With the configuration below, the webuser can issue command to the uwsgi_example configuration of the supervisor daemon, without requiring a password

%webuser ALL = (root) NOPASSWD:/usr/bin/supervisorctl [a-z]\* uwsgi_example

UWSGI

Finally the uwsgi.ini file can contain the following entries

[uwsgi]
module=.wsgi:application
chdir=/var/www/
socket=/tmp/uwsgi_example.sock
pidfile=/tmp/project-master_example.pid
vacuum=True
max-requests=5000
harakiri=30
stats=/tmp/stats_example.sock
# https://uwsgi-docs.readthedocs.org/en/latest/AttachingDaemons.html#examples
# smart-attach-daemon = /tmp/celery_example.pid .virtualenv/bin/celery -A app.tasks worker --pidfile=/tmp/celery_example.pid --loglevel=debug --logfile logs/celery.log
attach-daemon2 = stopsignal=15,reloadsignal=15,cmd=.virtualenv/bin/celery -A app.tasks worker --pidfile=/tmp/celery_example.pid --loglevel=debug --logfile logs/celery.log --concurrency=5

In my model this file is versioned together with the code; in this specific example is enabled the control of a celery's worker.

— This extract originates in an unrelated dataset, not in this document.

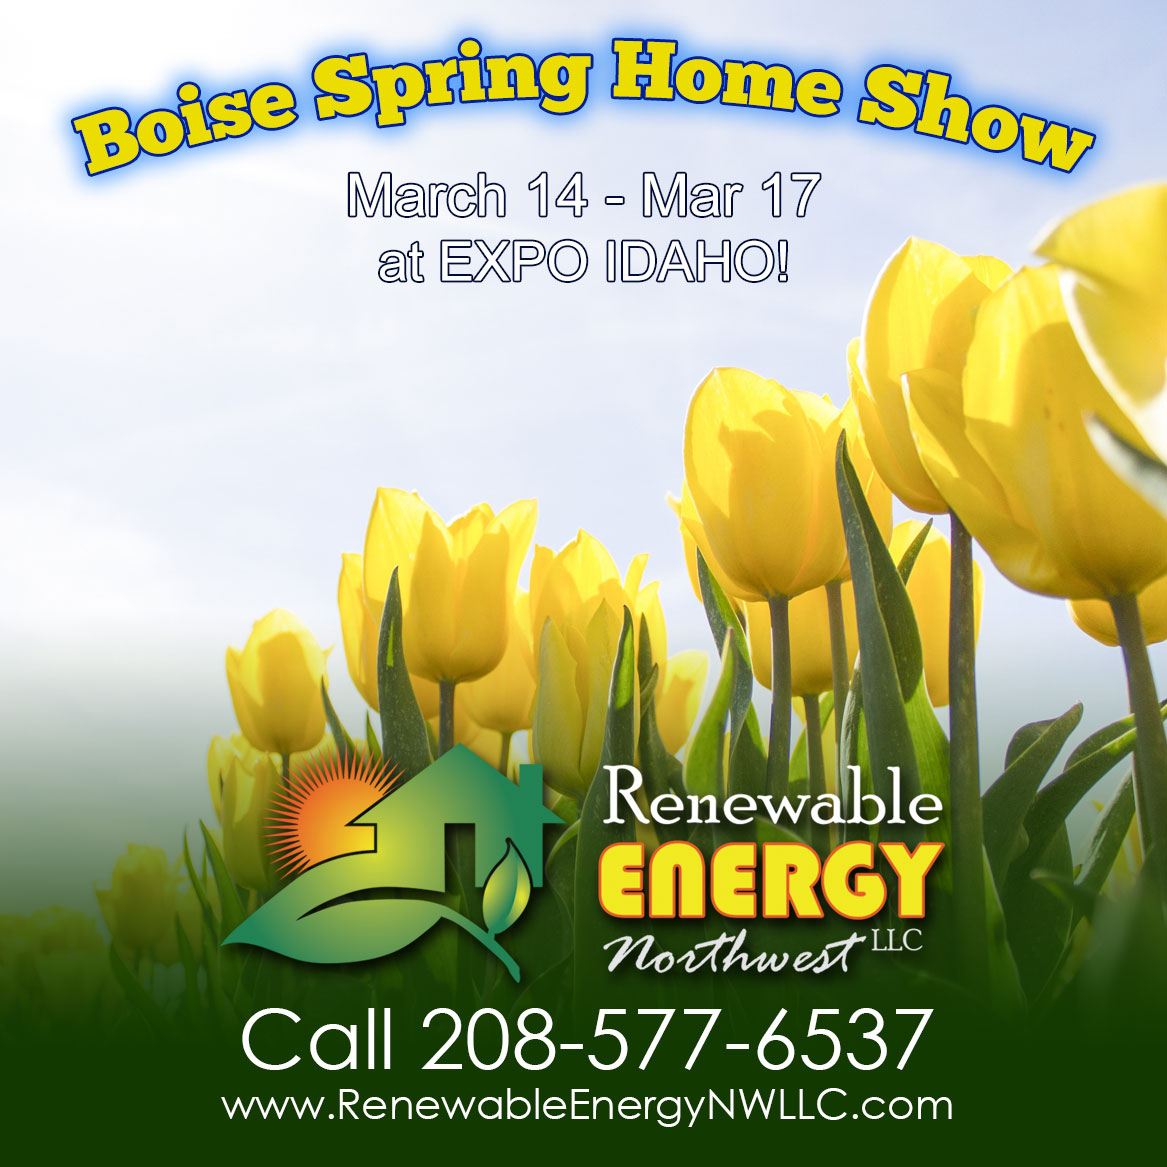 RENW at the Boise Spring Home Show!

For more information there is a page in the celery's documentation.

Testing

If seems to you that all of this is tricky to build you are right, but you are lucky: I prepared a cookiecutter template for provisioning a web app project, with a script aimed to configure all the necessary in order to test what I described here: simply do

$ git clone https://github.com/gipi/cookiecutter-eep-provisioning.git
$ cd cookiecutter-eep-provisioning
$ ./tests/tests.sh

 now you are into the provisioning directory, you can use "sshme" to enter
 as the web application user.

 At the end remember to destroy the vagrant instance with "destroy_provision".

[/tmp/tmp.PjjmjCkjtC/provision] $

In order to use the test script you need vagrant and ansible. All it's tested for a linux system so be aware the in other OSes may be not working correctly.

For now it's all, let me know if all this seems reasonable to you.